- Episode no.: Season 1 Episode 4
- Original air date: March 8, 2011
- Running time: 42 minutes

Episode chronology
| ← Previous "State of Sex Offenders" | Next → "Online Brides" |

= Pray the Gay Away? =

"Pray the Gay Away?" is a 2011 episode of the American television series Our America with Lisa Ling. The episode, hosted by Ling, profiles several people as they seek to reconcile their homosexuality with their Christianity. It originally aired on OWN: Oprah Winfrey Network on March 8, 2011.

Speaking for those who believe that Christianity and homosexuality are incompatible was Alan Chambers, president of Exodus International, an ex-gay organization. Also interviewed were Janet Boynes, a woman who states she "walked away" from lesbianism eleven years earlier and who now runs her own ex-gay ministry, a man named Christian whom Janet has been counseling for the last four years and another man named Ethan, whom Ling met at an Exodus conference. Each of the men acknowledged that they still had feelings of attraction to the same sex. Only Boynes said she had no such feelings.

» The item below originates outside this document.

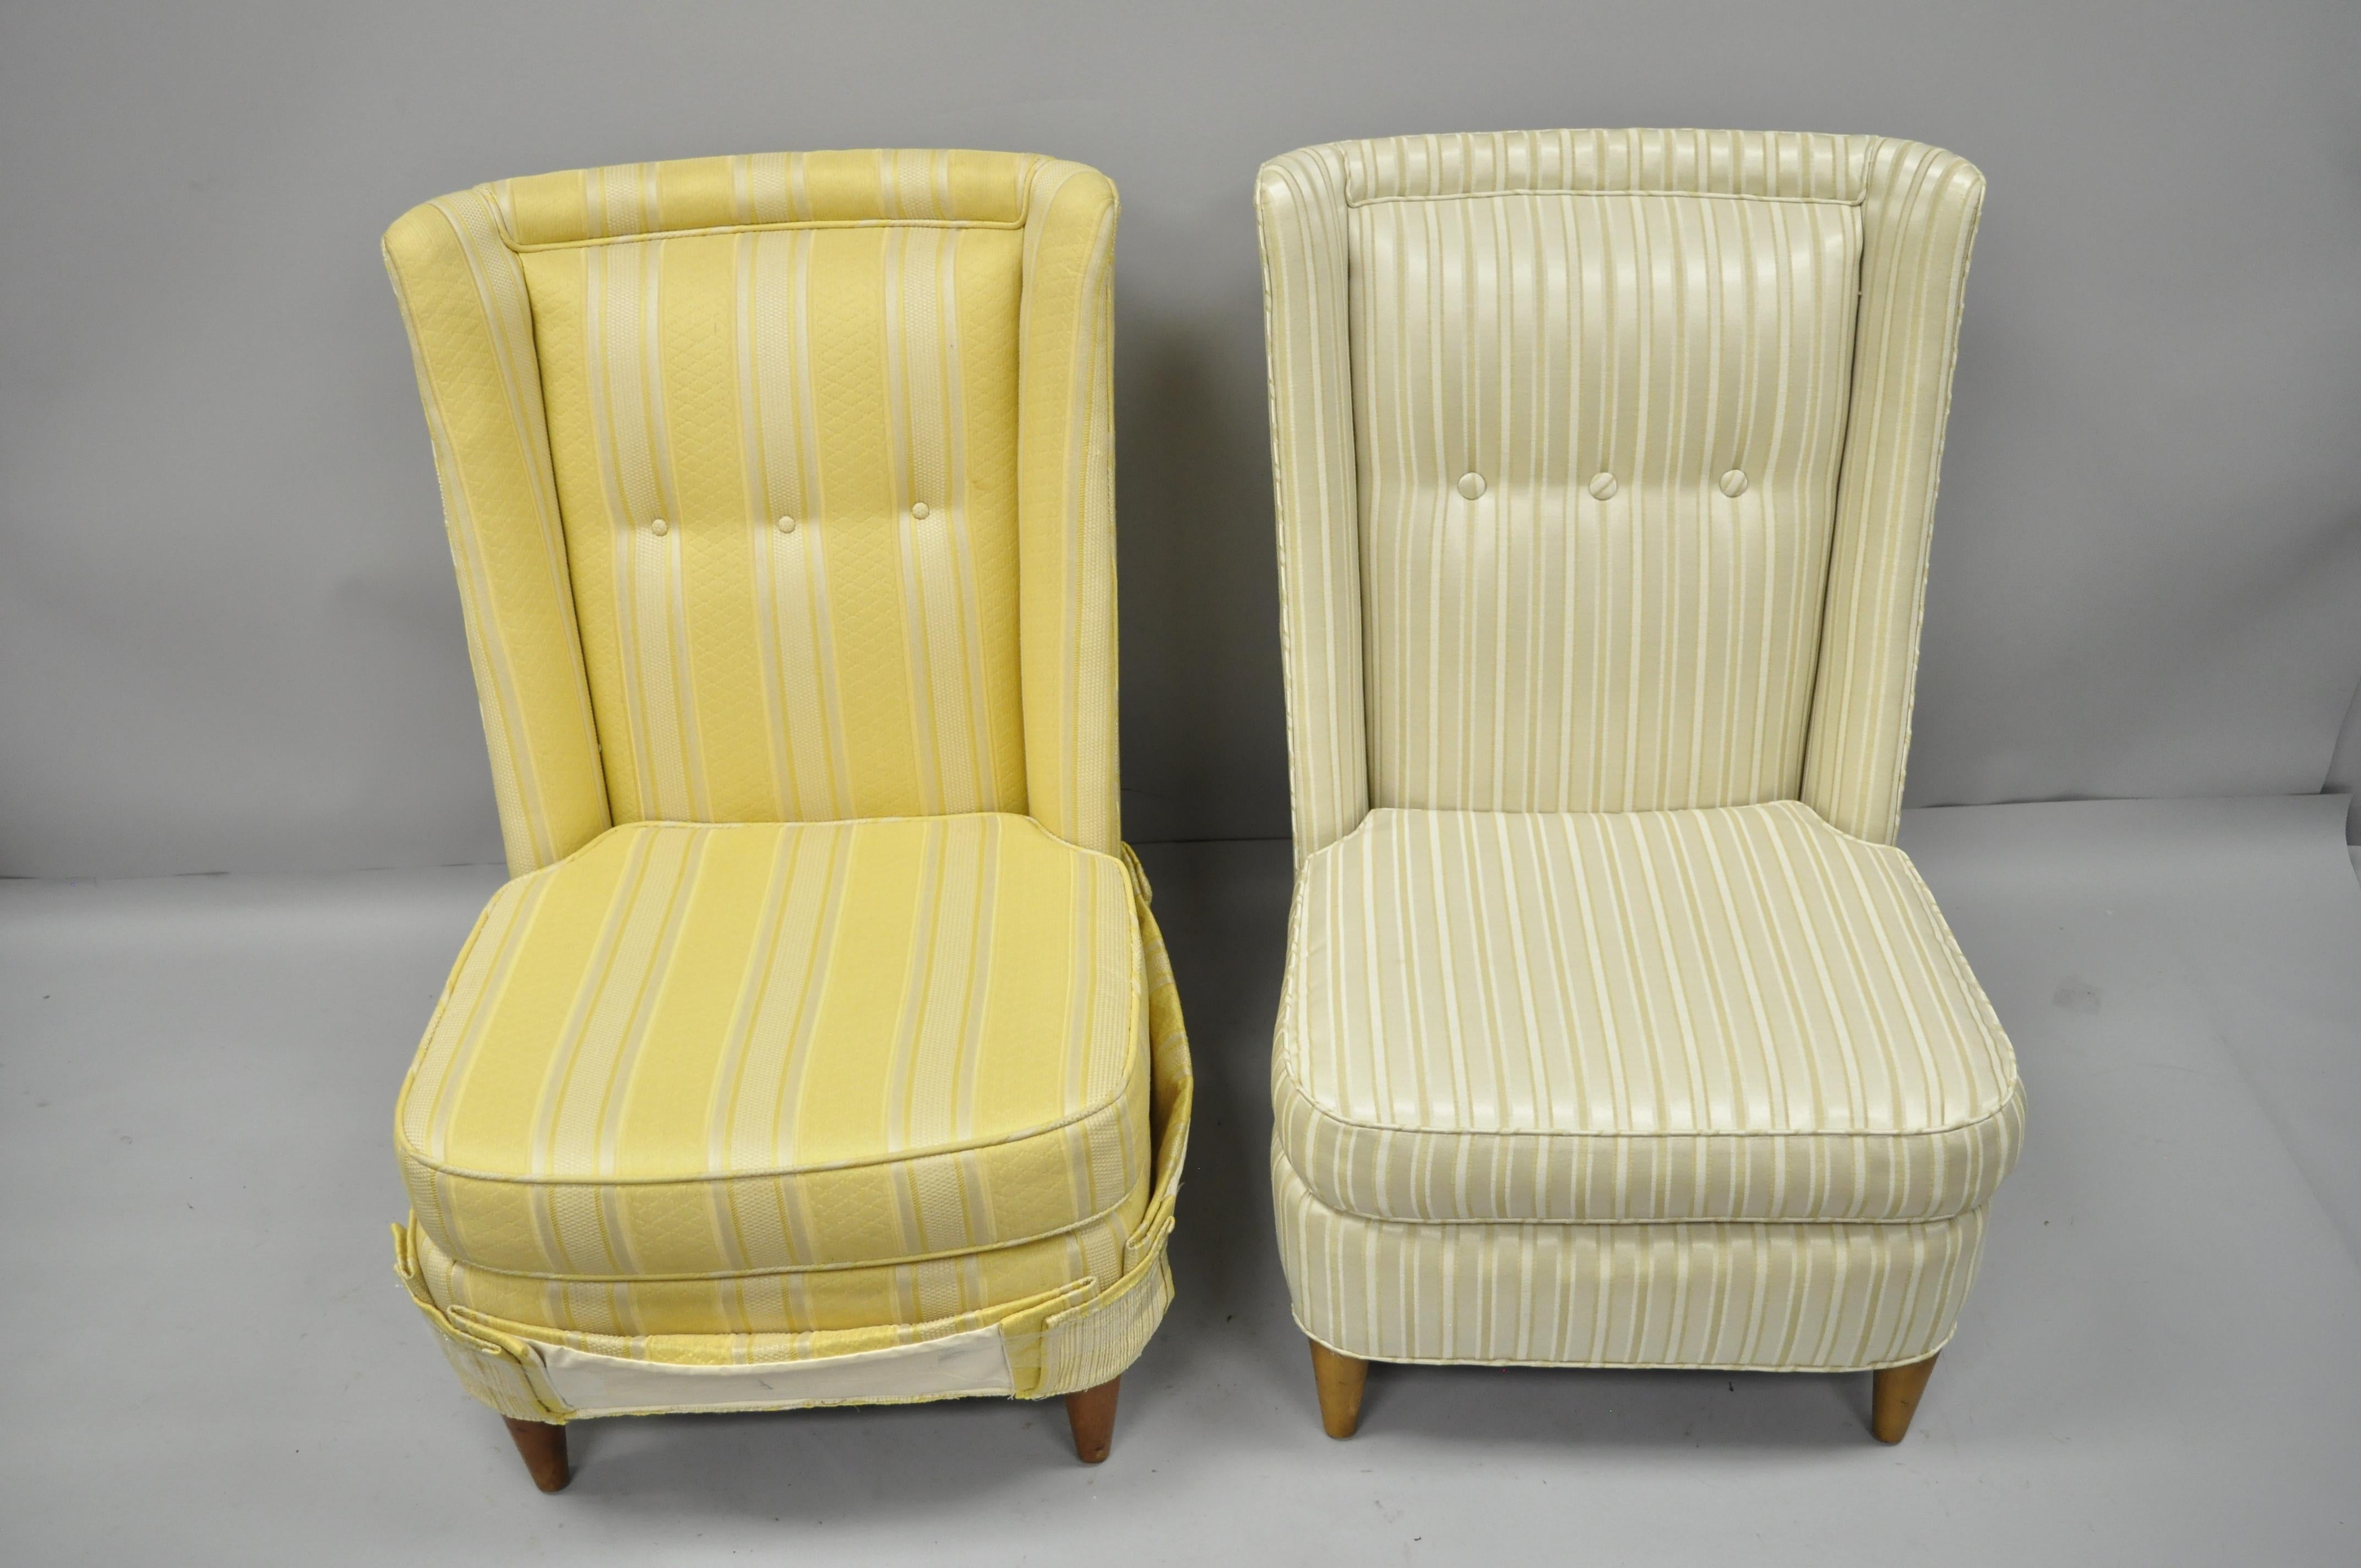 Paul Laszlo Upholstered Slipper Lounge Chair Barrel Back a Pair For Sale 5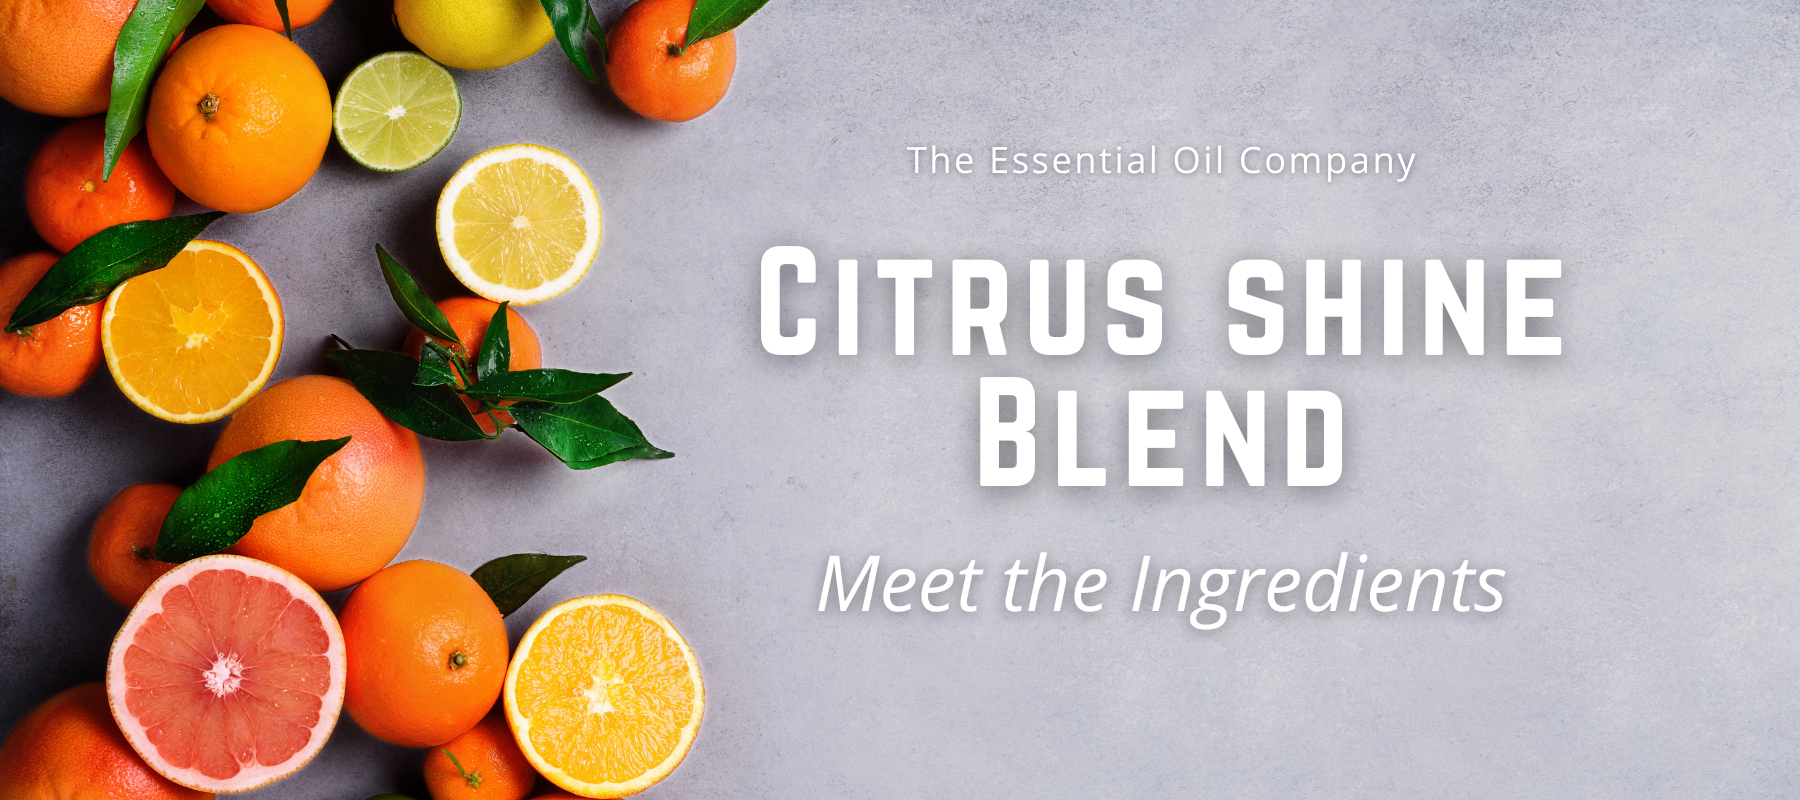 Citrus Shine Blend: Meet the Ingredients

Ling also interviewed several people who had reconciled their sexuality and their faith. Among them was Michael Bussee, who had co-founded Exodus International in 1976 only to leave the group in 1979 when he found himself falling in love with another male founding member. Ling spotlighted The Naming Project, a summer camp program for gay and questioning Christian young people. Gay Lutheran and Naming Project co-founder Jay Wiesner was interviewed along with campers Chelsea, who went from being a closeted cheerleader to an openly lesbian prom queen, and Julian, who had been fired as a counselor-in-training at a Christian camp just two weeks before filming when his homosexuality was discovered.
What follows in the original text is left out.